“You are grossly unjust—you are grossly ungenerous—and I am deeply hurt,” said she.
“That makes me love you all the more,” he cried. “For every word you say in his favour I will love you an extra thousand years.”
He knew that if he could only stimulate her to talk still more generously about Mr. Clifton he would soon get her to feel that she had not been guilty of the breach of honour with which she was still inclined to reproach herself. It was so like a woman, he thought, to place so much importance upon a little flaw in the etiquette of being off with the old love and on with the new. He loved her the more for her femininity and he thought that he might lead her on to feel that she had actually been generous in respect of the other.
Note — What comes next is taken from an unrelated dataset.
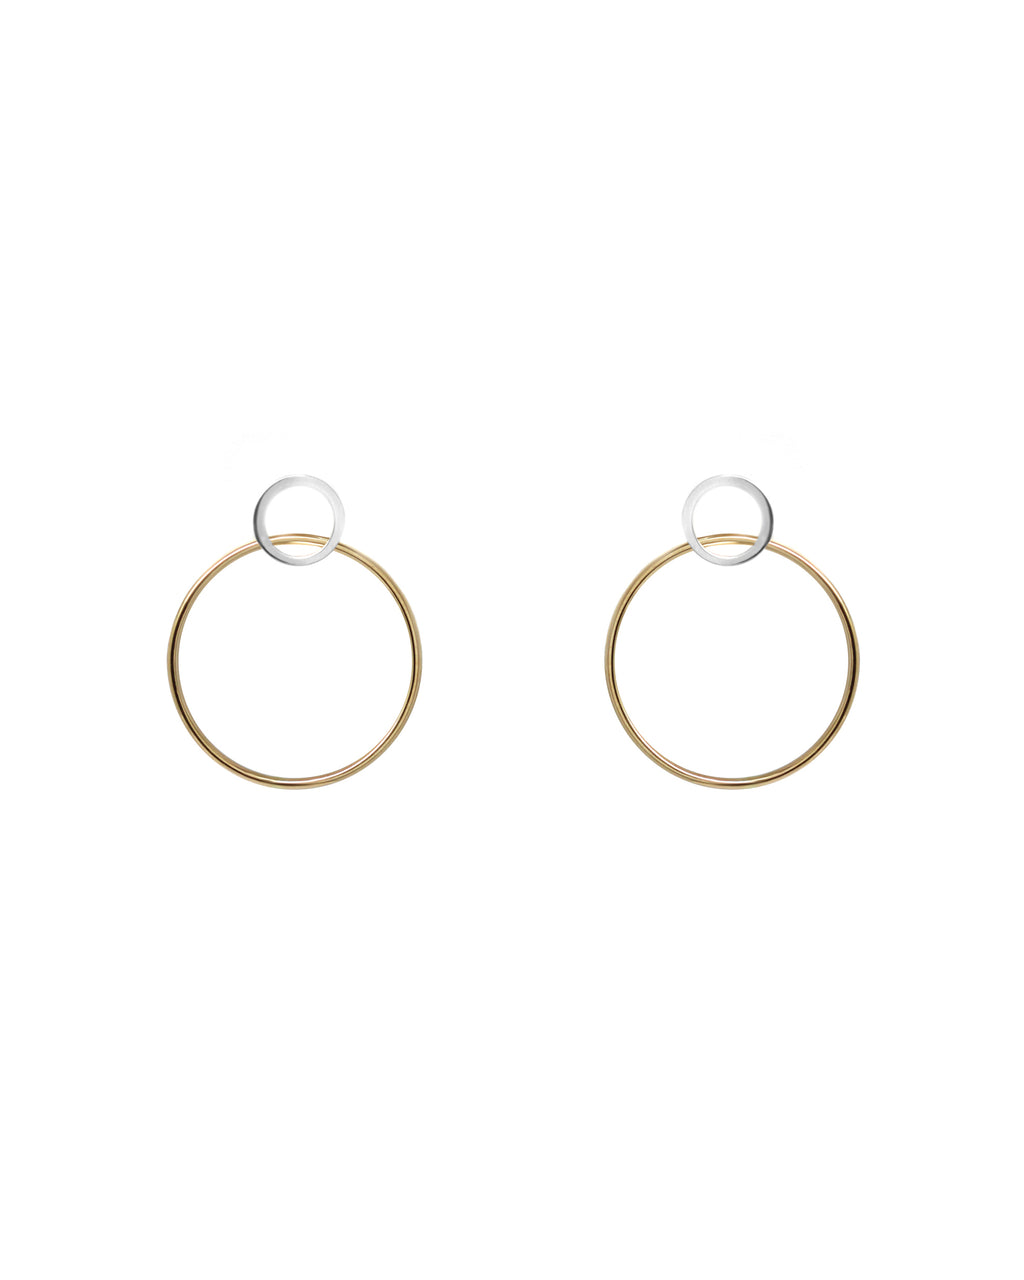 Hoop earrings // 2 tones

“I will not have a word said against Mr. Clifton,” she said firmly.
And she did not hear a word said against him, though she had so earnestly encouraged him to say such a word; but the fact was that the dinner-hour of the prosaic harvesters had come to an end, and the reaping machine, with the patent binding attachment, began to work under their eyes, and a girl cannot speak well even of the man whom she has just thrown over when so interesting a machine is at hand.
The two stood spell-bound watching that beautiful thing of blue picked out with red, as it went mightily on its way down the wall of standing grain, stretching out its pendulous arms with a rhythmic regularity that a poet might have envied,—lifting the material for a sheaf and laying it along with more than the tenderness of a mother for her child, laying it in its cot.
How much more picturesque—how much more stimulating to the imagination was not this marvellous creature—this graminivorous reanimated thing of the early world, than the squalid shrill-voiced, beer-ex-haling reapers of the fields in the days gone by? This was the boldly expressed opinion of both the watchers, though each of them had a good word to say for the cycle of the sickle.
“The sickle was the lyric of the wheatfield, the reaping machine is the epic,” said Josephine, with a laugh at her attempt to satisfy an exacting recollection of a picture of Ruth, the Moabitess, with her sickle in a field flooded with moonlight, as well as an inexorable sense of what is due to the modern inventor.
“My dearest,” said he, “I know now that you are happy. Are you happy, my dearest?”
“Ah, happy, happy, happy!” she whispered, when their faces were only an inch or two apart.